Prolog Cryptarithmetic Puzzle

Tag: prolog , swi-prolog , puzzle , clpfd Author: he6715702 Date: 2011-03-30

I have been asked to solve a Cryptarithmetic Puzzle using prolog:

GIVE
* ME 
------
MONEY

The above is the puzzle, I cannot figure out where is the problem, the result always returns false. Plus I am not allowed to use any library in SWI-Prolog.

solve( Z ) :- assign( Z, [0,1,2,3,4,5,6,7,8,9] ), check( Z ).

find( VAL, G, I, V, E ) :- VAL is G * 1000 + I * 100 + V * 10 + E.
find2( VALR, M, E ) :- VALR is M * 10 + E.
find3( VALA, M, O, N, E, Y ) :- VALA is M * 10000 + O * 1000 + N * 100 + E * 10 + Y.

check( Z ) :- 
    G #>= 1, M #>= 1,
    find( VAL, G, I, V, E ), find2( VALR, M, E ), find3( VALA, M, O, N, E, Y ), VAL * VALR =:= VALA  .

assign( Z, L ) :- permute( L, Z ).

/* permute is similar to all_difference in swi-prolog */
addany(X,K,[X|K]).
addany(X,[F|K],[F|L1]) :- addany(X,K,L1).
permute([],[]).
permute([X|K],P) :- permute(K, L1), addany(X, L1, P).
===============================================================
to solve, we execute solve([G,I,V,E,M,O,N,Y]).

Other Answer1

The following article by Eric Weisstein and Ed Pegg will be useful. It offers several solutions for a similar problem in Mathematica.

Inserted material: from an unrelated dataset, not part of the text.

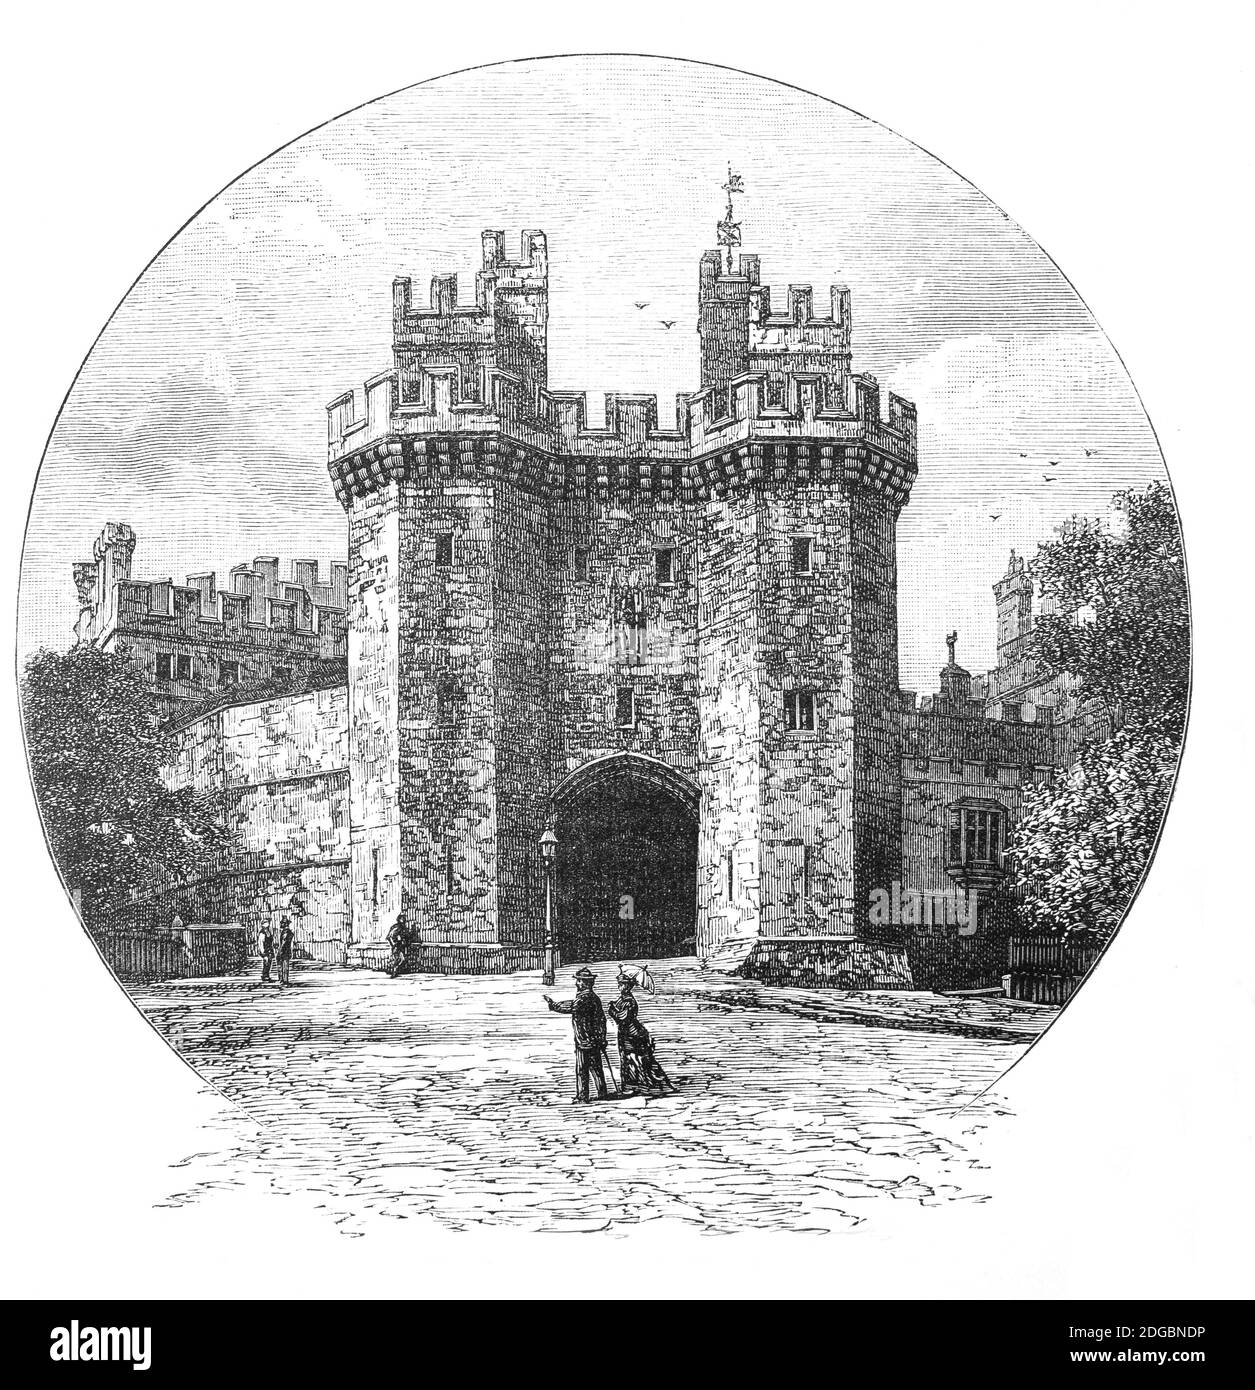 A late 19th Century view of the gateway to medieval Lancaster Castle, circa 1090, Lancashire, England. In the 14th Century, the Scots invaded England and damaged the castle. It was not to see military action again until the English Civil War when Parliamentarians captured the castle in 1643. It remained under Parliamentarian control until the end of the war. In 1648 the town withstood a siege from the Royalist Duke of Hamilton; when King Charles was executed in 1649 Parliament again ordered the dismantling of the castle, apart from administative buildings and use as a county gaol. Stock Photo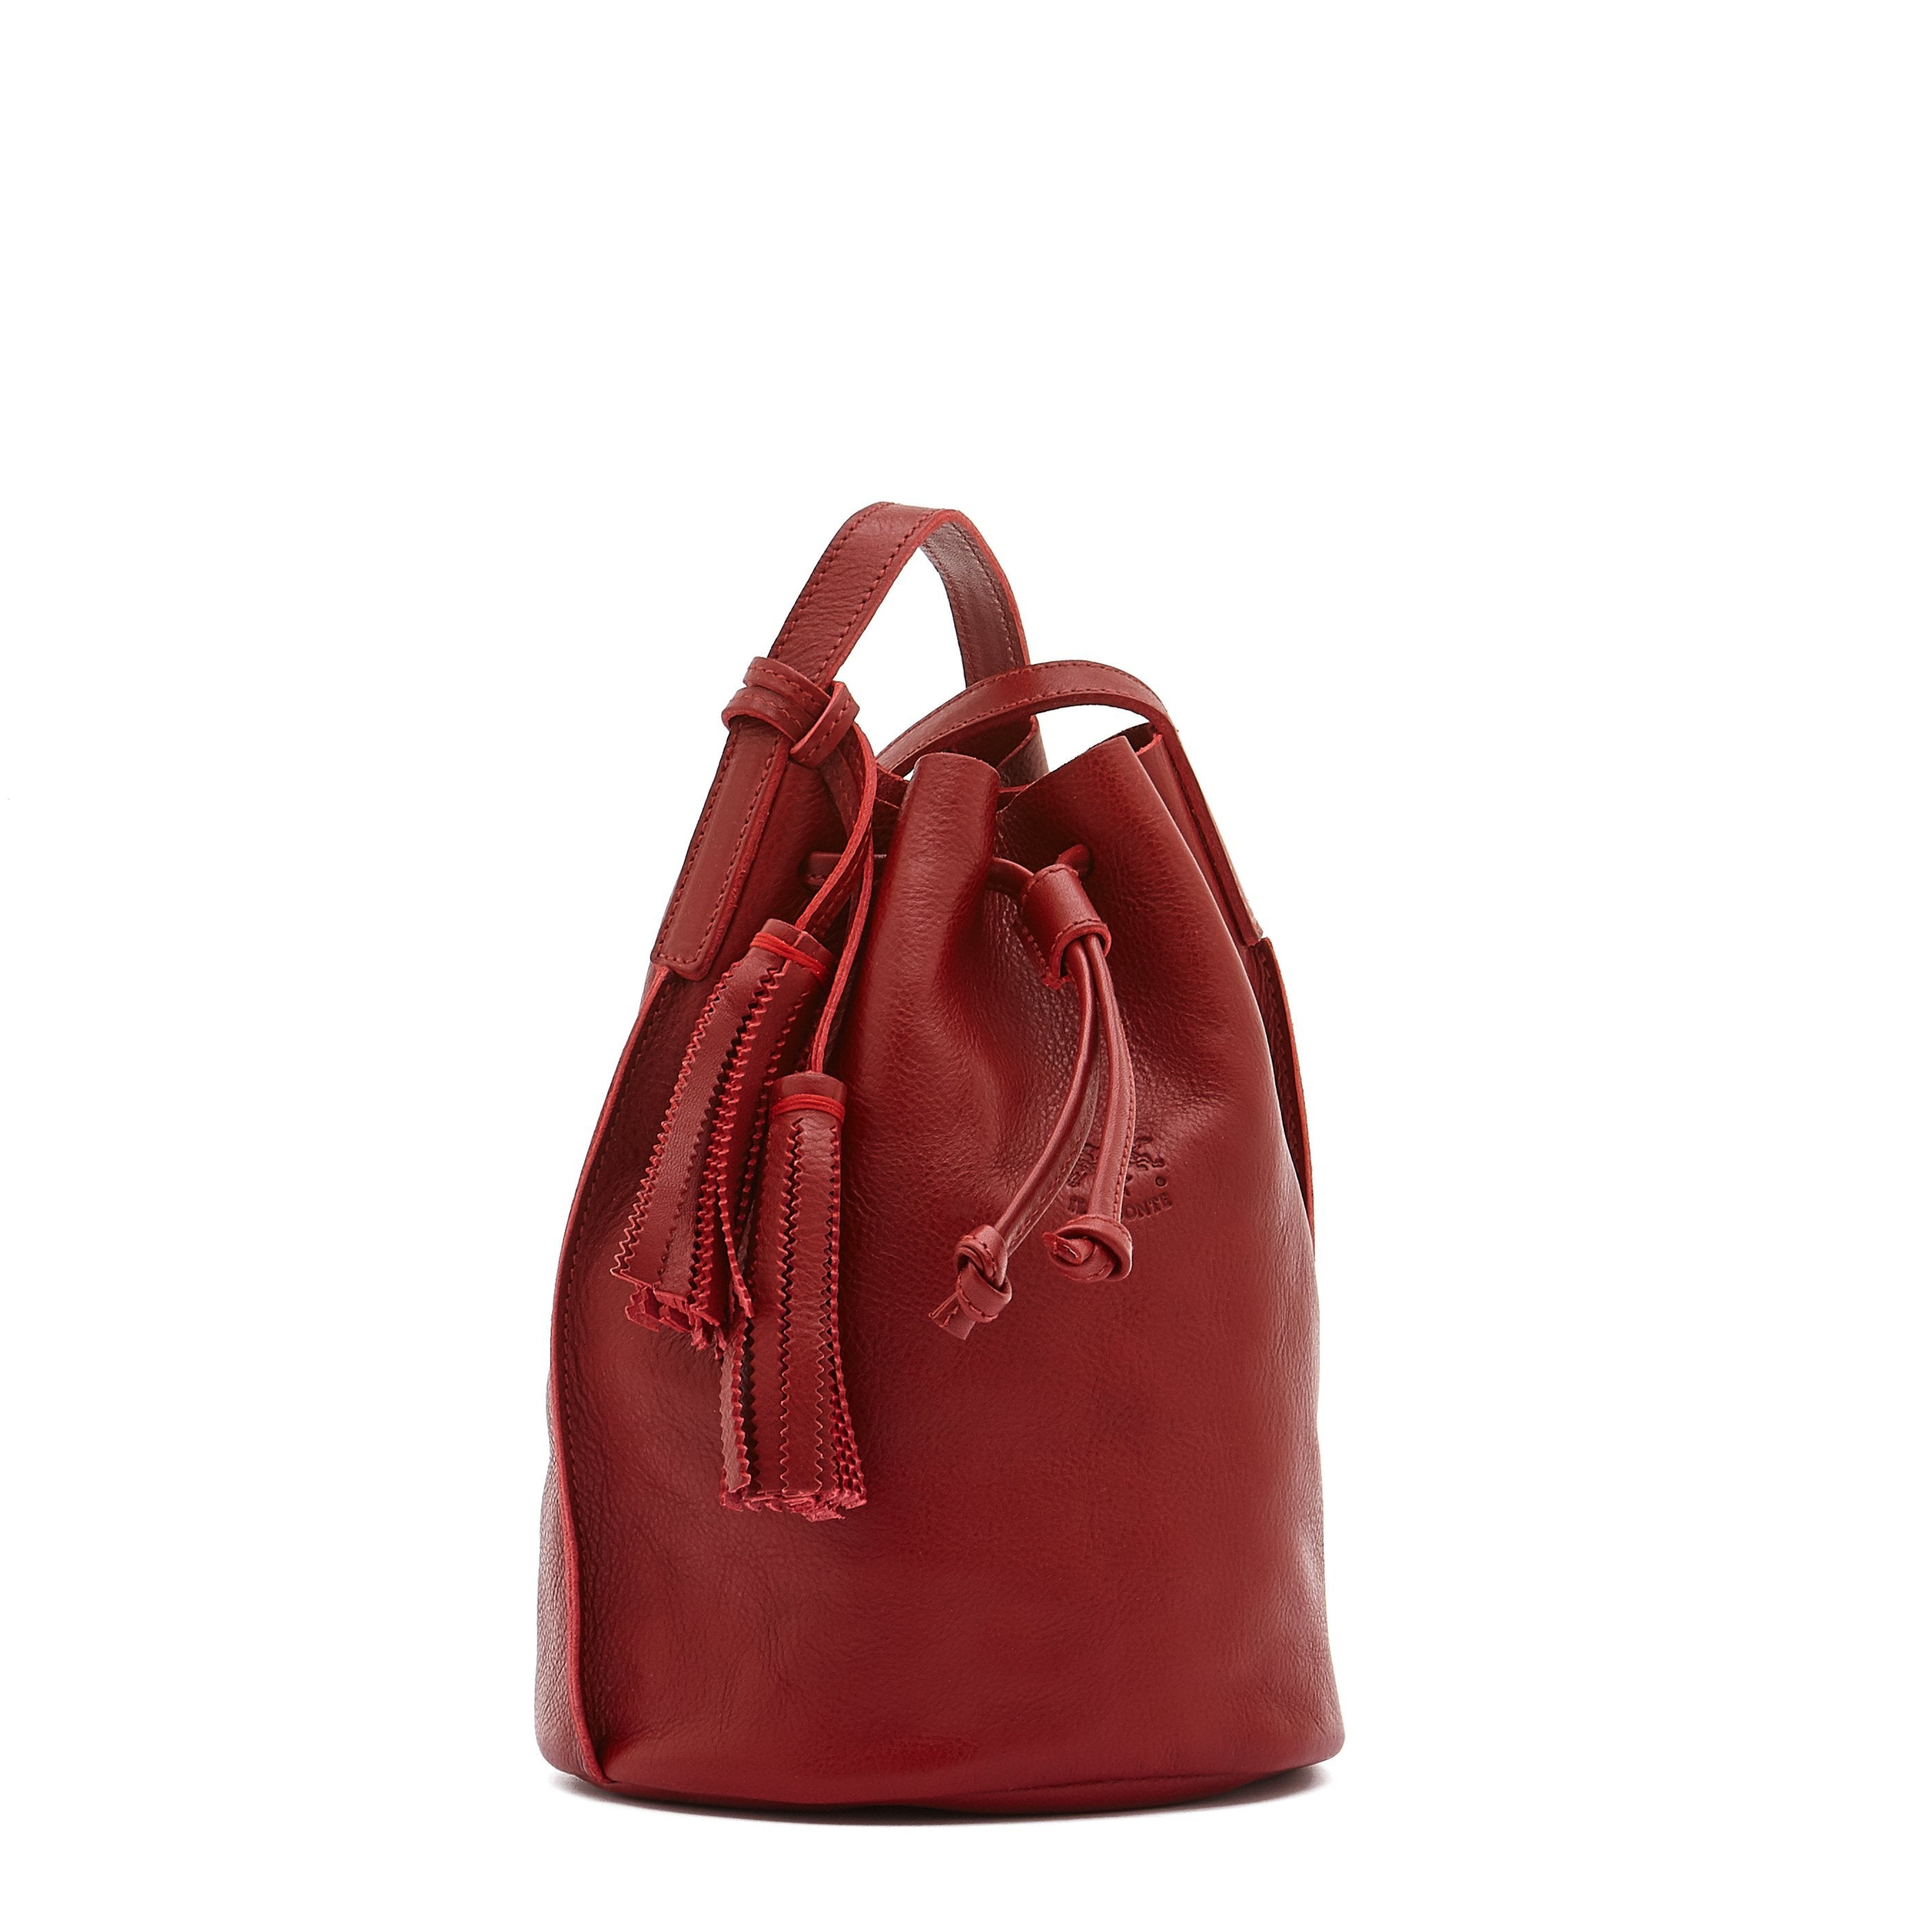 Silvia | Women's bucket bag in leather color red

Using a very brute-force approach, there are two solutions: 1072 * 92 = 98624 and 1092 * 72 = 78624. The code that I used:

In[16]:= Cases[
 Permutations[
  Range[0, 9], {5}], {g_, i_, v_, e_, m_} /; g > 0 && m > 0 :> 
  With[{dig = IntegerDigits[(g*10^3 + i*10^2 + v*10 + e) (10 m + e)]},
   Join[{g, i, v, e, m}, dig[[{2, 3, 5}]]] /; 
    And[Length[dig] == 5, Unequal @@ dig, dig[[{1, 4}]] == {m, e}, 
     Intersection[dig[[{2, 3, 5}]], {g, i, v, e, m}] === {} ]
   ]]

Out[16]= {{1, 0, 7, 2, 9, 8, 6, 4}, {1, 0, 9, 2, 7, 8, 6, 4}}

comments:

Well, Mathematica is not very similar to Prolog. (Actually, no language other than Prolog is very similar to Prolog, for that matter….) [In fact the bug in OP's code is probably in "permute", so something like Mathematica's in-built Permutations is out of the OP's scope.]